[Supplied records]

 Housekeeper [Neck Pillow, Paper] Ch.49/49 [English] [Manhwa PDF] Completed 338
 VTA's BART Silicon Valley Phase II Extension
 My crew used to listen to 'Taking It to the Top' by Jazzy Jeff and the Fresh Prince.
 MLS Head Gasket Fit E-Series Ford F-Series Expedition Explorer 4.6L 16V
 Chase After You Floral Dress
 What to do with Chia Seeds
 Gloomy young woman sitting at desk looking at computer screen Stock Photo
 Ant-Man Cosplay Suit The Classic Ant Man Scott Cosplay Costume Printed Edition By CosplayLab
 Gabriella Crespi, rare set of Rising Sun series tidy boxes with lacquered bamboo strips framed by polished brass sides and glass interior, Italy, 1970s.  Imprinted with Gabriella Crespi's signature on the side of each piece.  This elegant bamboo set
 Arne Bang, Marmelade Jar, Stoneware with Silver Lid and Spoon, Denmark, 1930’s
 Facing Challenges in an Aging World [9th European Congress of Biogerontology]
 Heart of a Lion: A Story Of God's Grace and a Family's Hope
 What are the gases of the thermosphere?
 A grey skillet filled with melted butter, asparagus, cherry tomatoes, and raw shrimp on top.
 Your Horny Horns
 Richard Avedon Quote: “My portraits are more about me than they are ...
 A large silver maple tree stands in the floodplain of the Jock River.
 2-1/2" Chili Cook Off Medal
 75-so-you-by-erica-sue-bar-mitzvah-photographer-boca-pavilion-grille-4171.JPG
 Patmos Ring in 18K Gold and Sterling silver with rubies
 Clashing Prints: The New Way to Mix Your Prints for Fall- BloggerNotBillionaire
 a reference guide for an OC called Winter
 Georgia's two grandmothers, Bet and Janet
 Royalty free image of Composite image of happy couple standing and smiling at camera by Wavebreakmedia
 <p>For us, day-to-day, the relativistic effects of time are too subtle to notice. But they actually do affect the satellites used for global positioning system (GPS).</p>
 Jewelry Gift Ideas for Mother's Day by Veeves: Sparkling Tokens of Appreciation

[/Supplied records]

### Problem requirements
Starting at the line that contains "Royalty free image", print every line through the last one of the records, exactly and with nothing else.

### Solution to this task
 Royalty free image of Composite image of happy couple standing and smiling at camera by Wavebreakmedia
 <p>For us, day-to-day, the relativistic effects of time are too subtle to notice. But they actually do affect the satellites used for global positioning system (GPS).</p>
 Jewelry Gift Ideas for Mother's Day by Veeves: Sparkling Tokens of Appreciation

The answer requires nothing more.